Somehow I could never choke it out over supper, tell him what I'd been doing that day, how I was trying. Three weeks later, I started having horrible nightmares of miscarriage. Every night I would jerk awake, paralysed, sure that there was blood everywhere. I started sleeping in the spare bedroom (partially for distance-related morning sickness reasons, admittedly). My doula listened with worry in her eyes to my dreams. I bungled another attempt to talk to my partner.

We had a horrible fight, accusations flying everywhere. I wasn't open, I didn't want to be pregnant, neither of us was taking things the way we should, my not wanting to tell everyone until I'd passed 12 weeks was just cowardly, on and on. The neighbours must have thought banshees had arrived. We went to bed with bruised feelings all around.

At three-thirty in the morning, I woke up in the worst pain I'd ever experienced. I stumbled downstairs and hunted for my PMT analgesics, lay on the cold floor of the bath in a near stupor. Forty-five minutes later, the pain was less, there was no blood. I went back upstairs, he hardly stirred. At six, I woke again. Worse than before. This time I managed to get downstairs, but no further. Holding on to the door frame of the spare room, I felt my legs turn to water; my vision swam and I was on the floor.

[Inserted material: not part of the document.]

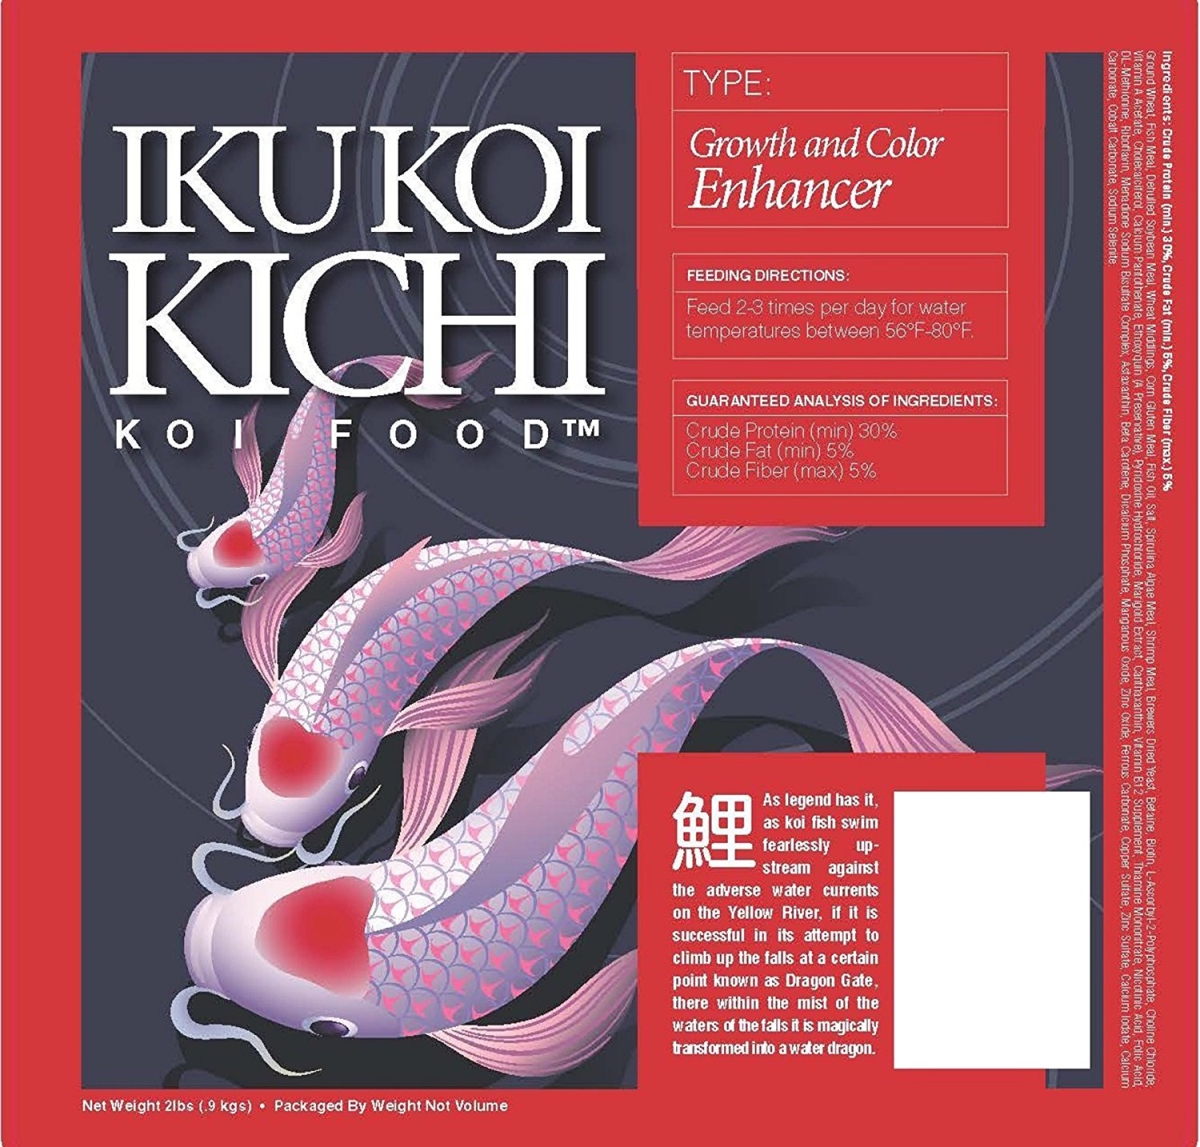 Picture of Iku Koi Kichi KKFA20 20 lbs Color Enhancer Fish Food

I thought I was yelling loudly for F, but in reality I must have sounded very feeble indeed. I thought I heard him answer, but he didn't come. Later he told me he had heard nothing, but I thought he was punishing me for our fight, thinking I was being dramatic. I was still there when he came down in the morning. An emergency appointment with the GP had us thrown in a taxi to the local hospital. A day of waiting, needles, ultrasounds, silence.

Still we could not talk. Never in my life had I not been in a hospital alone, and I had always wanted to have had someone with me. I had the opportunity to have a small dream come true in the midst of a nightmare, but I dropped the ball. I couldn't include him the way he needed to be included, too many years of being intensely private kicked in. The whole day passed in that nebulous place between sleep and awake, where you are in yourself but can also seem to watch, standing aside.

Watched as we drifted further and further apart, saw the threads that connected us, connected me to my baby stretch ... stretch ... snap.

Any further and I would have been severely ill. As it is, I have the chance to continue my dreams as they existed before, but they no longer seem so sweet.